The other insight came from the research I did for the ePublishing chapter in Be An Author (my new book which I am excited to say is out soon). Since the eReader has actually started to catch hold in the last few years, it seems as though publishing will probably go the same way as music. But I’m not sure that it will. For one thing, people like to listen to the same song over and over again, and with the possible exception of poetry that’s just not true of writing. People want to read new content. There is still the issue of free content – blogs are a bit like the YouTube equivalent for words, perhaps; lots of free content that you can take up all your time reading. However the research that has been done so far seems to show that people with eReaders read more books, not less, which has to be positive, right? What I do think will probably suffer is traditional publishing. I think that the big publishing firms will have to innovate like mad to keep up in a hugely changing world (a bit like the struggle that newspapers have), and whether they do this and survive over the decades to come remains to be seen.

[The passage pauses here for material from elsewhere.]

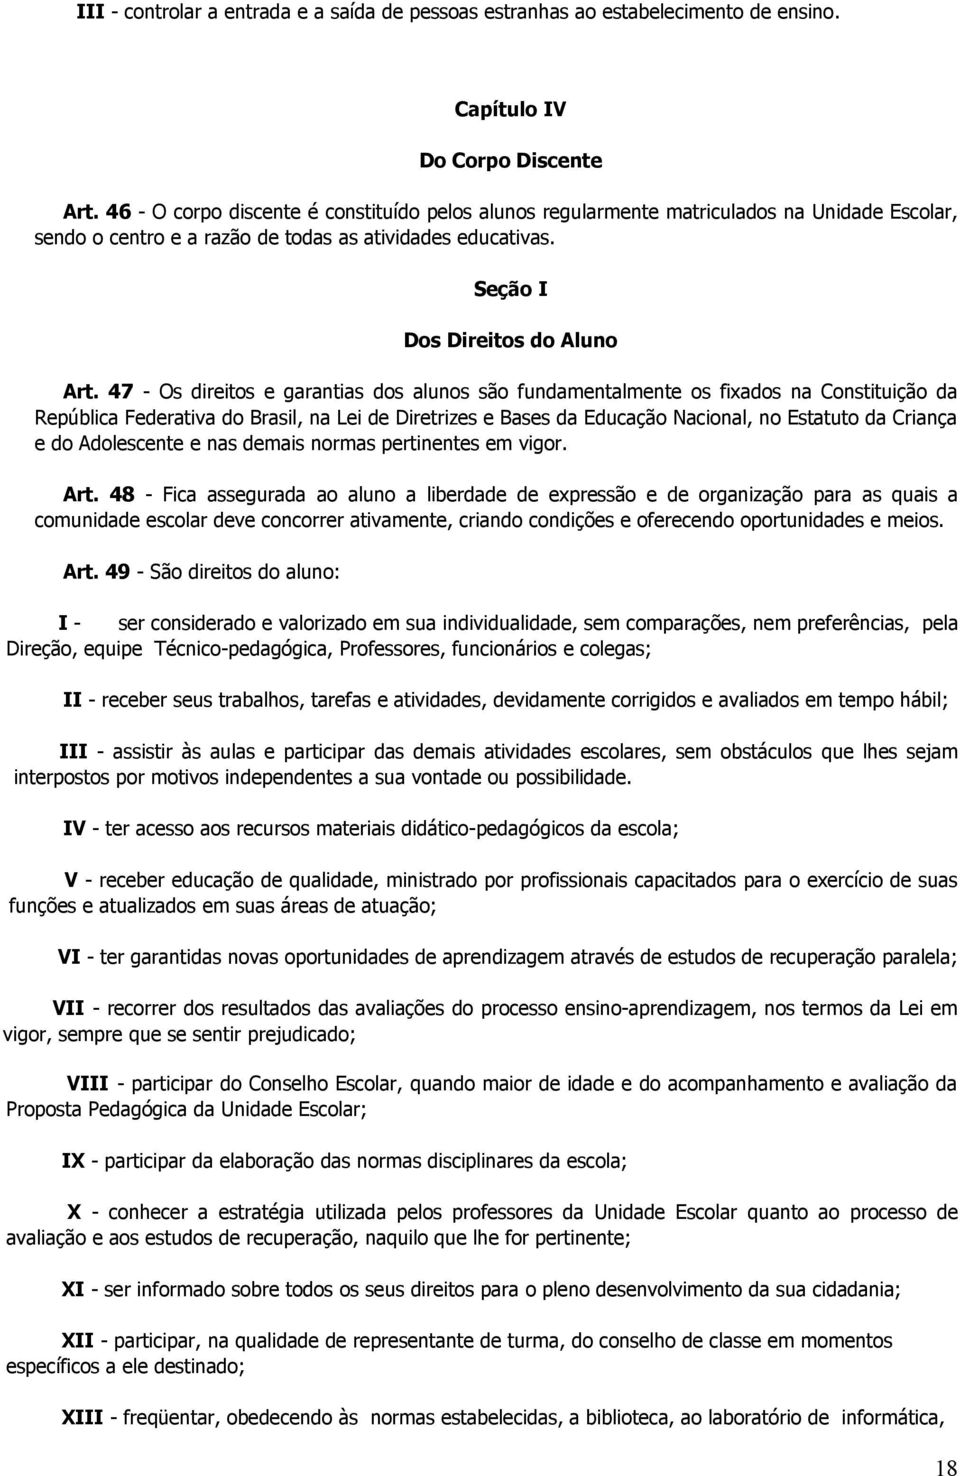 47 - Os direitos e garantias dos alunos são fundamentalmente os fixados na Constituição da República Federativa do Brasil, na Lei de Diretrizes e Bases da Educação Nacional, no Estatuto da Criança e

The changes that have happened so far seem in some ways to have tipped the balance away from the author – gone are the days of large (if any) advances, and it is harder than ever for a new author to be taken on. Personally I think the tide will turn, though, and perhaps this has started already. As authors take the initiative themselves, can the publishing houses offer a good enough service to attract any talent other than the ‘tv celeb autobiography’? Are they ready to embrace new ways of promotion in a changing world? It is going to be interesting not just to watch, but to be involved in this sea change. My sentiment is that the publishing industry in its old form is in trouble – but Long Live Publishing!